• **Work instruction**:
From the records below, output exactly the lines starting at the line with "Best ideas about Milk Bar Birthday Cake" and ending at the line with "Layer Cake Now.", both of them included, but no pictures.

• **Records to use**:
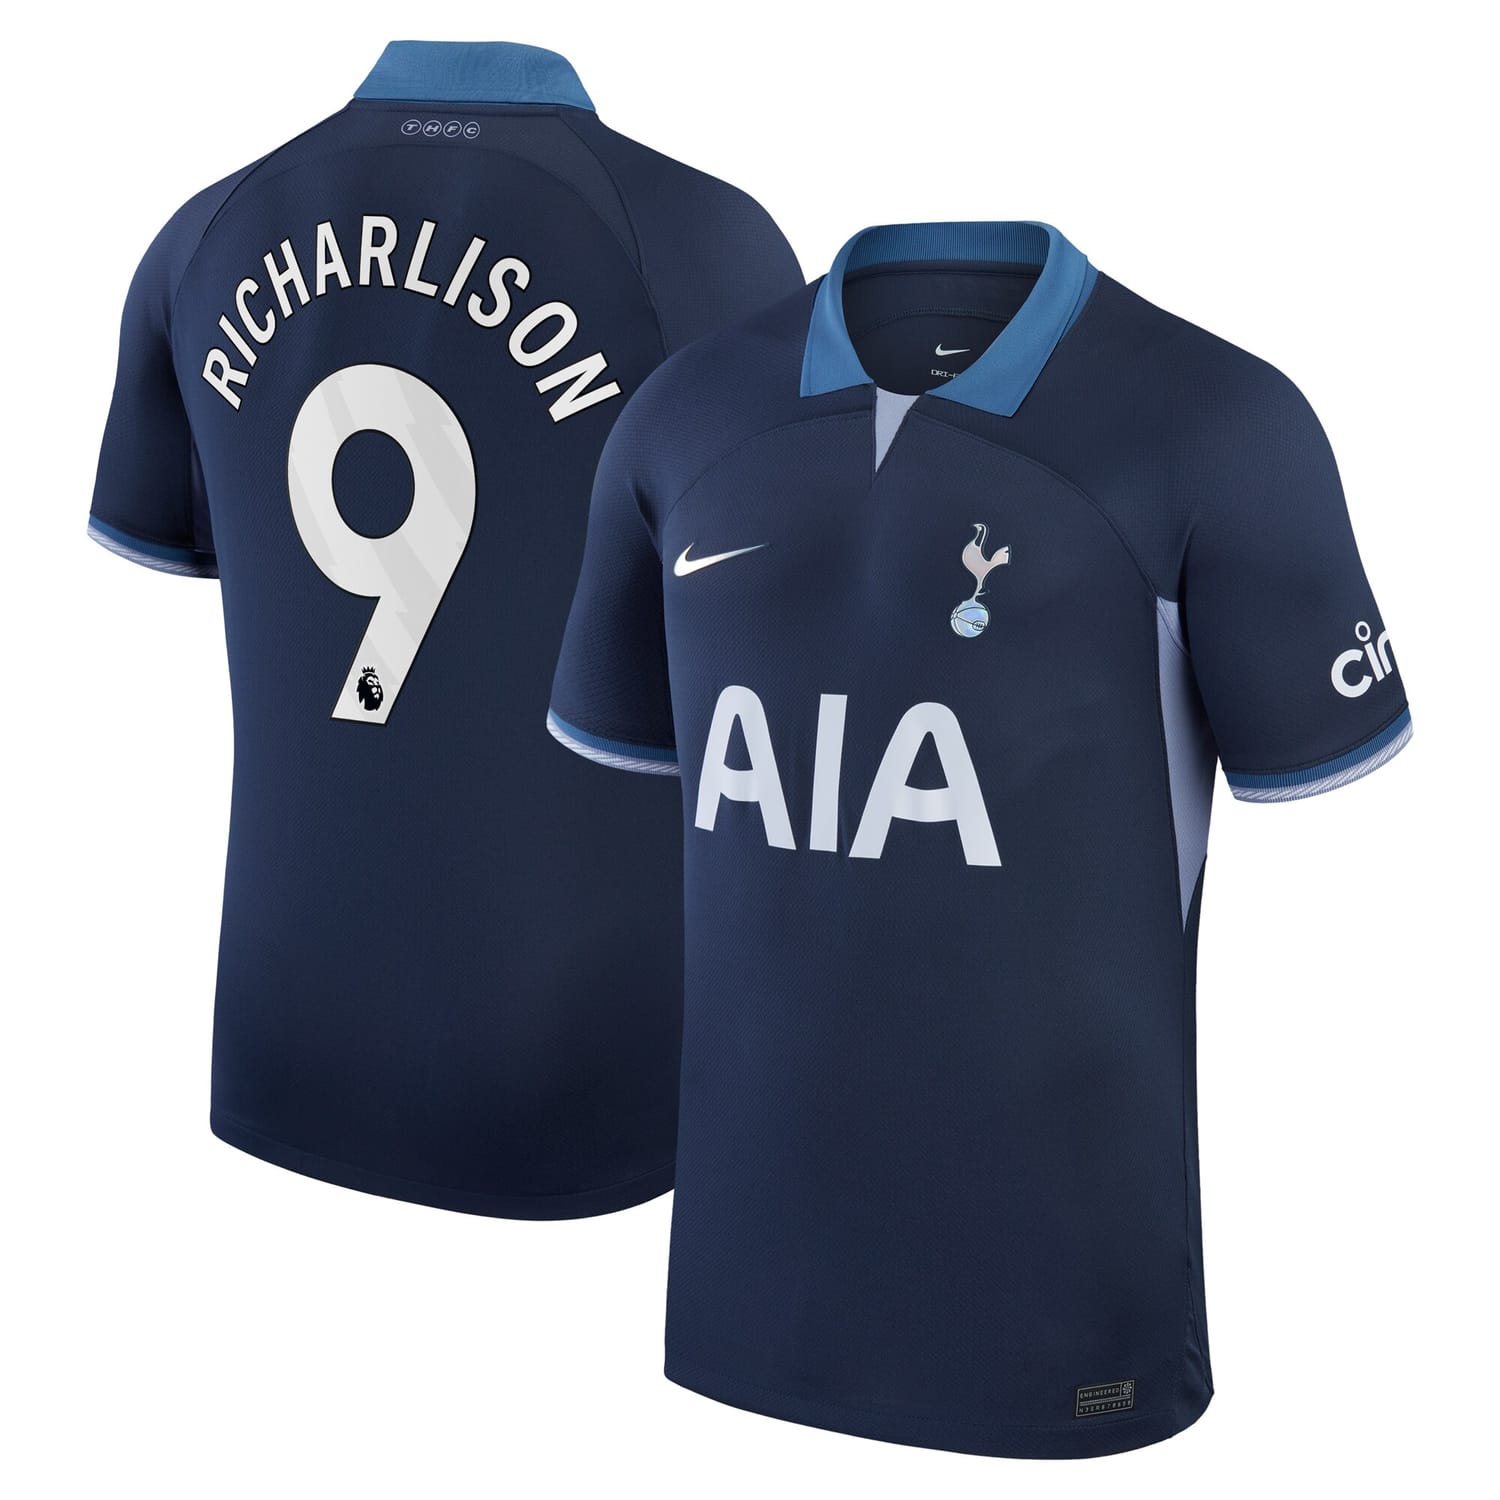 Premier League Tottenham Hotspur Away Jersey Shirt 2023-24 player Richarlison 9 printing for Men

--

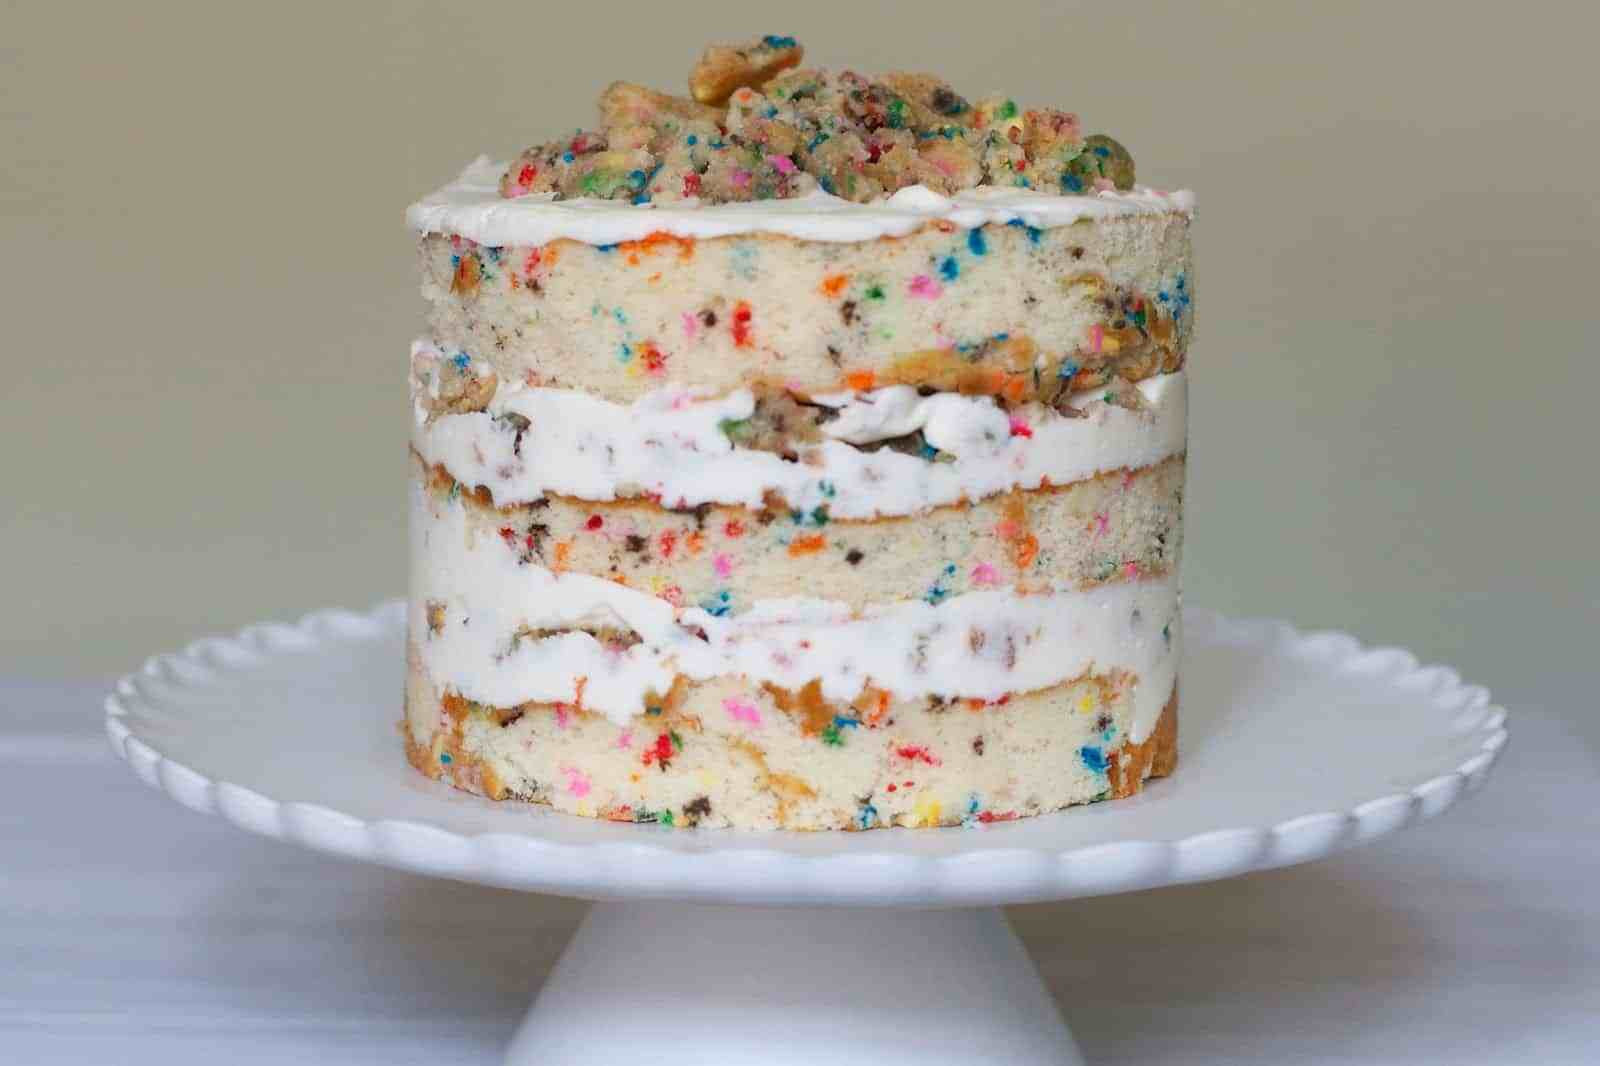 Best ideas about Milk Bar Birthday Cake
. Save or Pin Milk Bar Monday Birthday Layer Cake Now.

• **Expected answer**:
 Best ideas about Milk Bar Birthday Cake
. Save or Pin Milk Bar Monday Birthday Layer Cake Now.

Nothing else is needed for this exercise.